Over the past fifteen years, McLain has covered topics like the rising incidence
of allergies around the world and the secret to living a long and healthy life, as revealed by residents of Okinawa, Japan; Sardinia, Italy; and Loma Linda, California, where people have the longest average life expectancy. His image of an 84-year-old Okinawa man standing on his head made the November 2005 cover of National Geographic. In addition to his editorial work, McLain co-owns the production company Merge Group with long-time collaborator Jerome Thelia. Together they make photographs and videos for clients like Apple, Sony, and Toad & Co. In 2015, Journeyman Pictures released Merge’s full-length documentary film Bounce: How the Ball Taught the World to Play about the origins and universality of ball sports—including cricket, foosball, soccer, keep-away, and Ba, an ancient game of mob football played in the Orkney Islands. The project took McLain around the world—to Brazilian favelas and Congolese villages and Scottish isles—and back again to Maine.

In David McLain’s office, on the wall opposite the paddle, is what I presume to be a piece of abstract art. Framed in weathered wood is a simple but lovely drawing—a cluster of red circles drawn on textured white paper, some empty, some colored solid.
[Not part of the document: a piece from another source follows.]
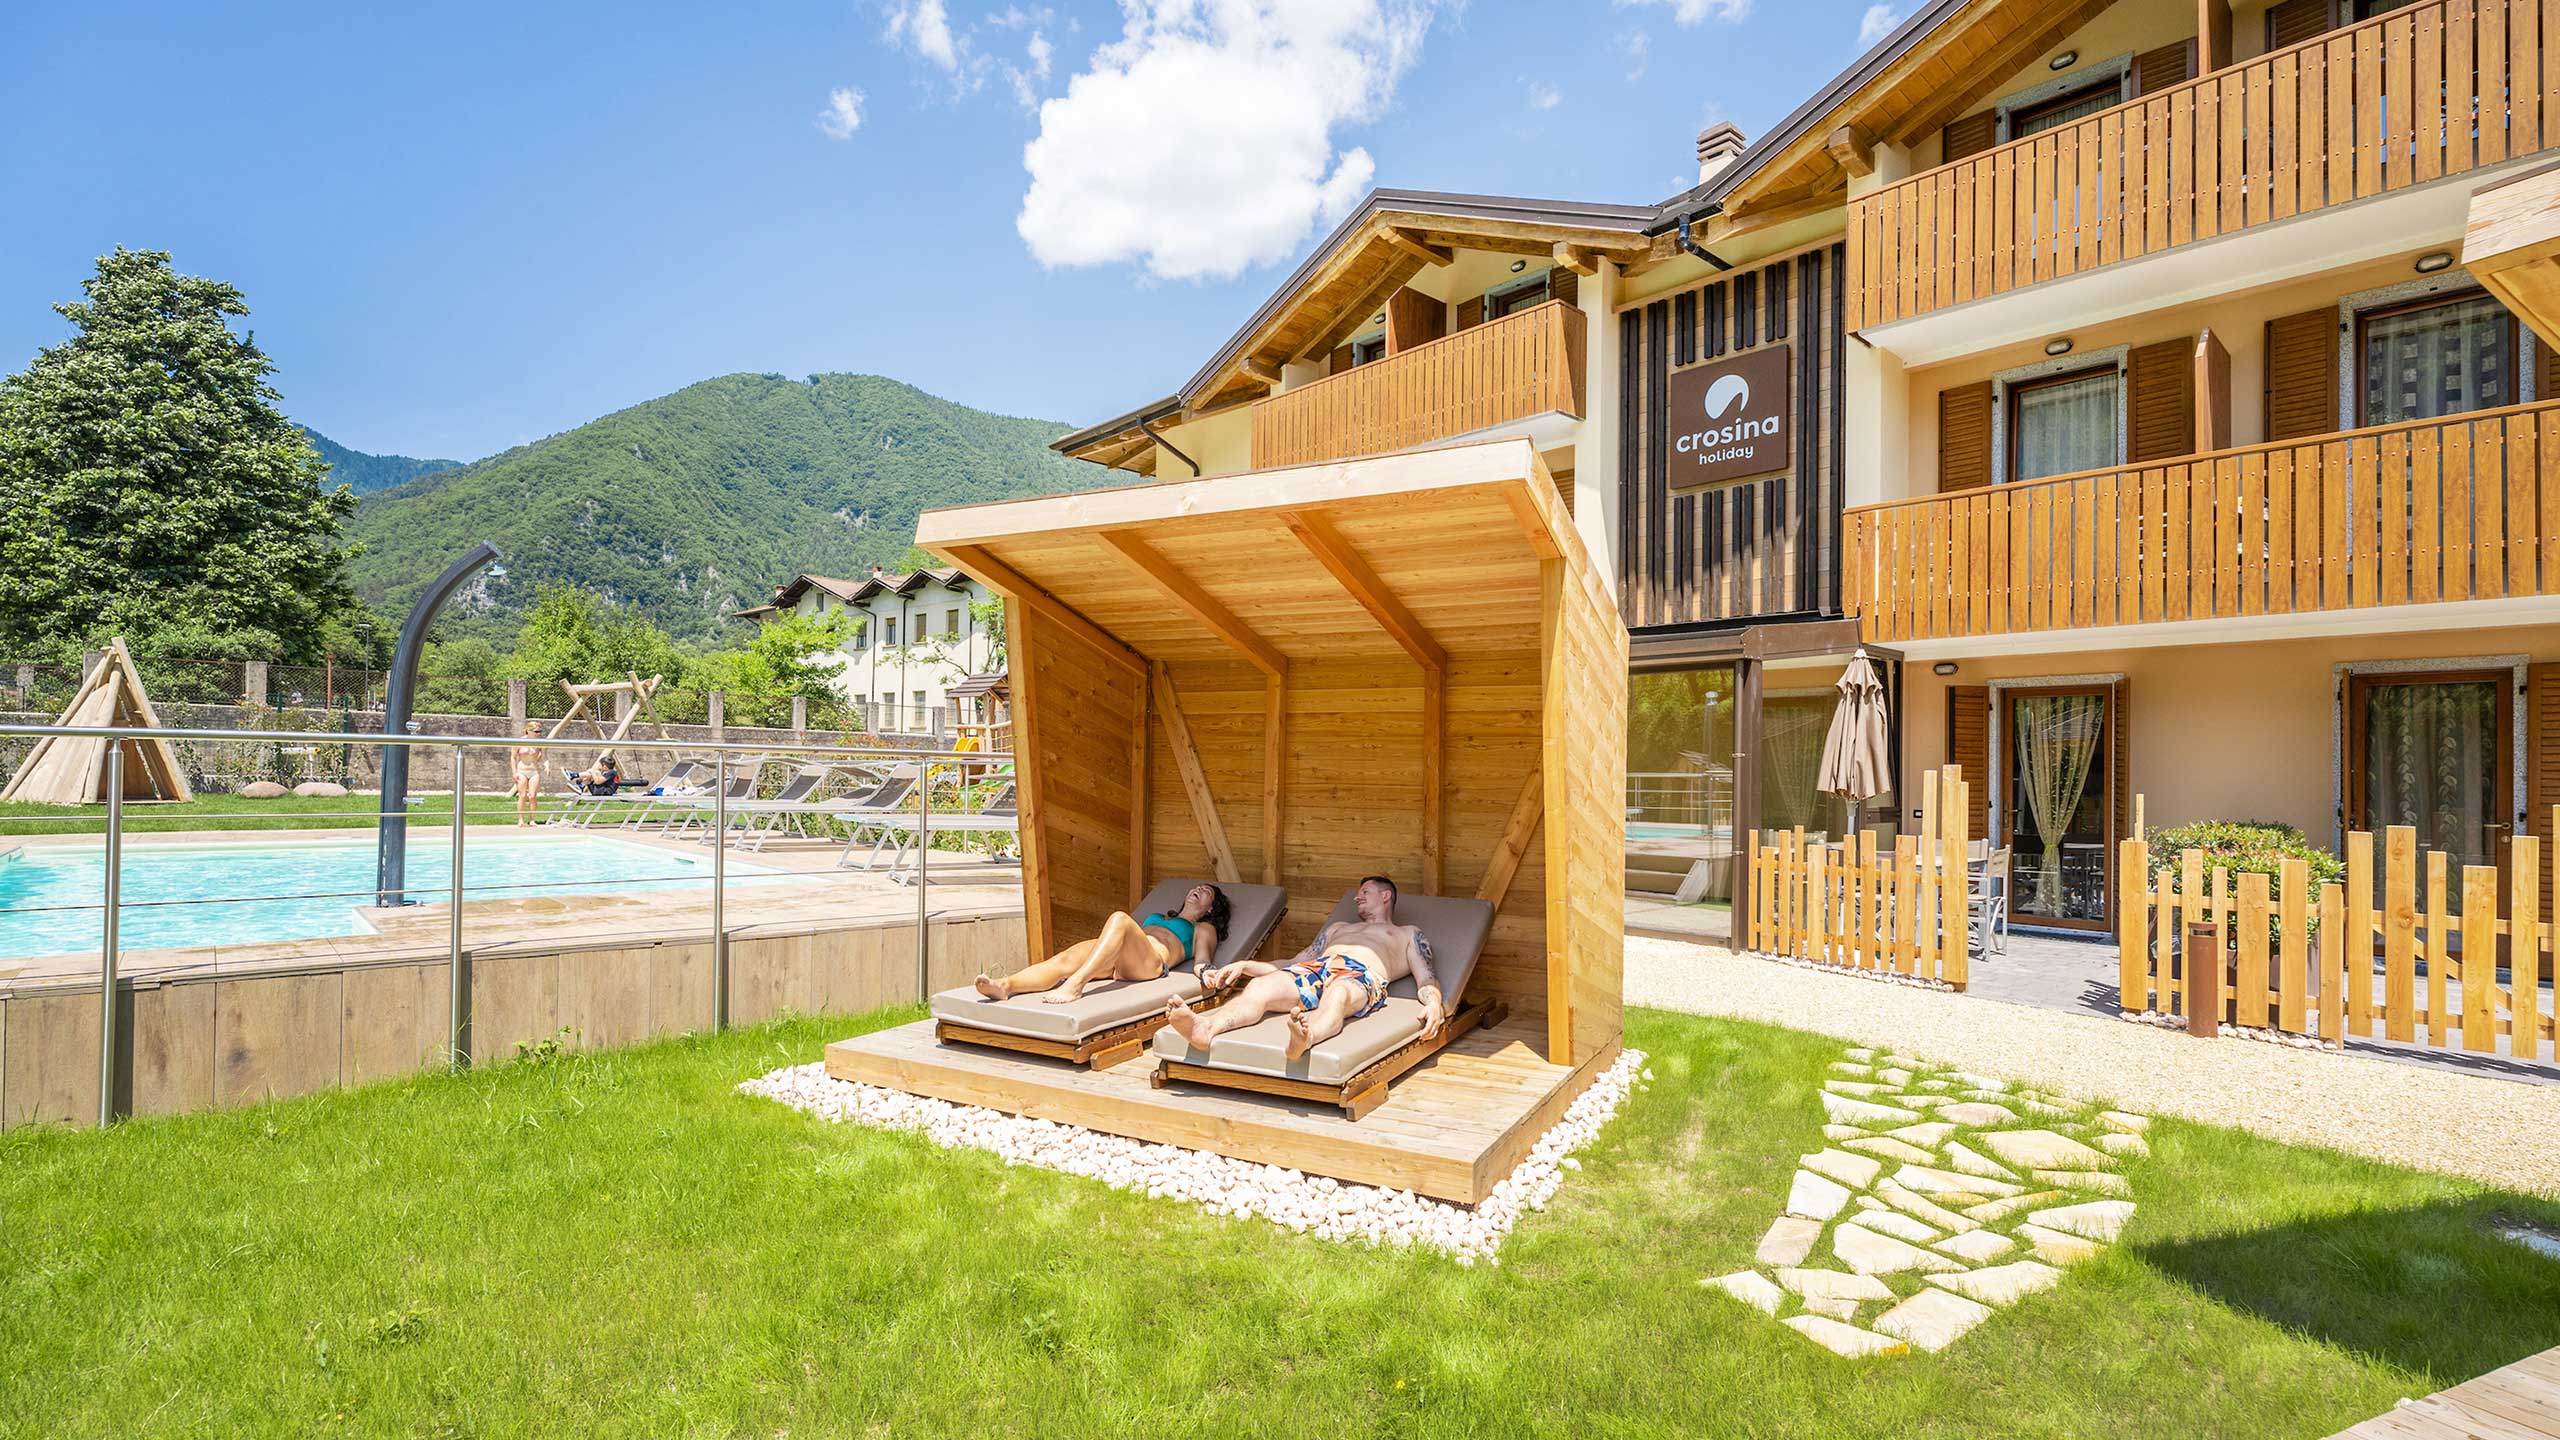 Crosina Holiday – Ferienwohnungen in der Nähe des Ledrosees im Trentino für einen Paar- oder Familienurlaub

As with the paddle, I presume wrong. This object reveals something about McLain’s life, too.

At the beginning of each year, McLain draws 84 circles on a piece of paper. Every day that he doesn’t sleep in his own bed—a bed he made from salvaged barn wood as
a birthday gift for Anne—he colors in a circle. Eighty-four: the maximum number of days he’s willing to be away from his family and away from Maine, equal to the number of days in a week, multiplied by the number of months in a year. Sometimes this means turning down work, or limiting the number of adventures he’ll go on in other parts of the world so that he’ll be around to experience the ones unique to home.

“Every time my plane touches down in Portland, I’m like, thank God I’m home. And it doesn’t matter if it’s the dead of winter or August, I love it just as much,” he says. His voice is edged in excitement as he goes on to name the places in his home state he has yet to go. I recognize this voice. It is not so different from the one he used when telling me about Greenland. “I’ve never been to Aroostook County. I’ve never been to Fort Kent. I’ve never paddled the Allagash, never paddled the St. John,” he trails off.